▶ **What is being asked**
Output only the stretch of the listing that starts at the line containing "Bioneutre 2" and ends at the line containing "nettio_CreativeKickstart-01-JustStart-vert", reproduced exactly with both ends.
++++++++++
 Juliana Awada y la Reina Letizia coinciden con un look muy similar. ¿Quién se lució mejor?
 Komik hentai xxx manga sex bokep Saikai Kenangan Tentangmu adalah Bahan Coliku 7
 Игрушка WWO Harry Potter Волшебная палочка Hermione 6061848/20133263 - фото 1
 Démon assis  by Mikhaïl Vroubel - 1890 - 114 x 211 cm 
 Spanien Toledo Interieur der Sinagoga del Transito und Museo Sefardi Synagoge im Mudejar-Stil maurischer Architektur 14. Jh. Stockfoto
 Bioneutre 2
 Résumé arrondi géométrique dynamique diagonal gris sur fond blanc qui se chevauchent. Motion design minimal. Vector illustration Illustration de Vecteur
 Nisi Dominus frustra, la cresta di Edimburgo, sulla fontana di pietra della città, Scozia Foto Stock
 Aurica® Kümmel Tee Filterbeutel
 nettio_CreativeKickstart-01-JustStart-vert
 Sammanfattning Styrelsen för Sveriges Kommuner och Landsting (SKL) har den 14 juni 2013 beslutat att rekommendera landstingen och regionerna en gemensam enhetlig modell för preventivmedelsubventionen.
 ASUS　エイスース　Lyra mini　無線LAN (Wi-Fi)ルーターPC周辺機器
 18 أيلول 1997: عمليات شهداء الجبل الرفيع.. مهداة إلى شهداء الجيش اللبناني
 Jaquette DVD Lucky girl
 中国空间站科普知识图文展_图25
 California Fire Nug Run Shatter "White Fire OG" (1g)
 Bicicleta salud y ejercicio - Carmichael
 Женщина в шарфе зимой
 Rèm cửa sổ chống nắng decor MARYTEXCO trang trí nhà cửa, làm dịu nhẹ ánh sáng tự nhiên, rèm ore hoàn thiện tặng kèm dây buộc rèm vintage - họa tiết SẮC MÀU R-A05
++++++++++
▶ **Final answer**
 Bioneutre 2
 Résumé arrondi géométrique dynamique diagonal gris sur fond blanc qui se chevauchent. Motion design minimal. Vector illustration Illustration de Vecteur
 Nisi Dominus frustra, la cresta di Edimburgo, sulla fontana di pietra della città, Scozia Foto Stock
 Aurica® Kümmel Tee Filterbeutel
 nettio_CreativeKickstart-01-JustStart-vert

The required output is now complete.